Now we can define our child class. Let’s call our child class “ModelVisulaization.” This class will inherit the method and attributes of our Model class:

class ModelVisualization(Model):
   def __init__(self):
       super().__init__()

We will extend our model class by adding a method that generates a confusion matrix:

class ModelVisualization(Model):
   def __init__(self):
       super().__init__()

   def generate_confusion_matrix(self):
       cm = confusion_matrix(self.y_test, self.y_pred)
       cm = cm / cm.astype(np.float).sum(axis=1)
       sns.heatmap(cm, annot=True, cmap='Blues')

Now we can define an instance of our child class and plot our confusion matrix:

results = ModelVisualization()
results.fit()
results.predict()
results.generate_confusion_matrix()

This generates the following:

A data visualization in Seaborn — Image: Screenshot.

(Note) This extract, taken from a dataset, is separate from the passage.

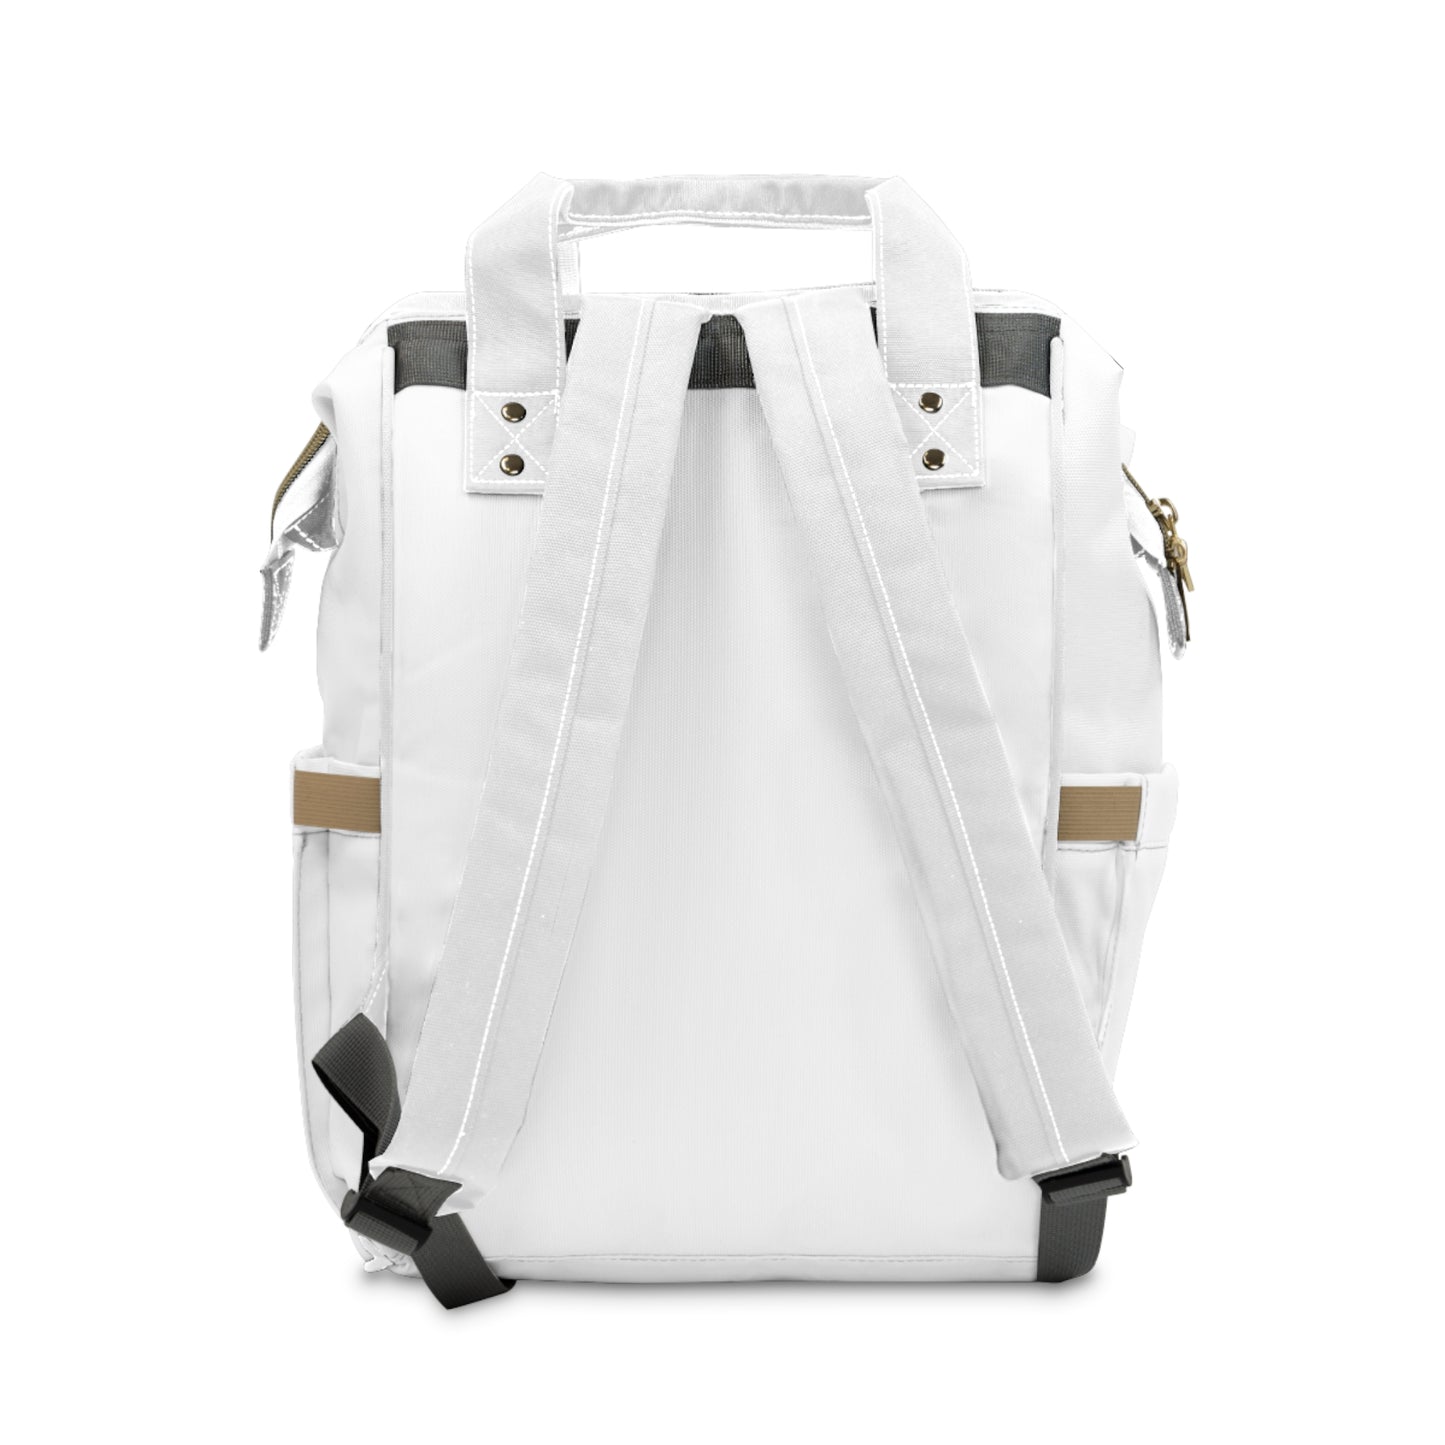 Multifunctional Diaper Backpack Motivational Design

Obviously, there is some freedom around how you design custom classes, whether they’re children of classes in existing packages or of other custom parent classes. Depending on your use case, one route may make more sense than another. For example, if you simply wish to add a small number of additional attributes and methods, extending an existing class may be more appropriate. If a large number of tasks need to be customized, building custom parent and child classes would be more appropriate.

Python class inheritance can be extremely useful for data science and machine learning tasks. Extending the functionality of classes that are part of existing machine learning packages is a common use case. Although we covered extending the random forest classifier class here, you can also extend the functionality of the Pandas dataframe class and data transformation classes such as standard scaler and min max scaler. Having a general understanding of how to use Python inheritance to extend existing classes is valuable for data scientists and machine learning engineers.

Further, there are instances where many tasks that are part of distinct workflows need to be customized. We considered the example of extending a custom class that we used to build a classification model with visualization functionality. This allows us to inherit the methods and attributes of the modeling class and generate visualizations in the child class.

The code from this post is available on GitHub.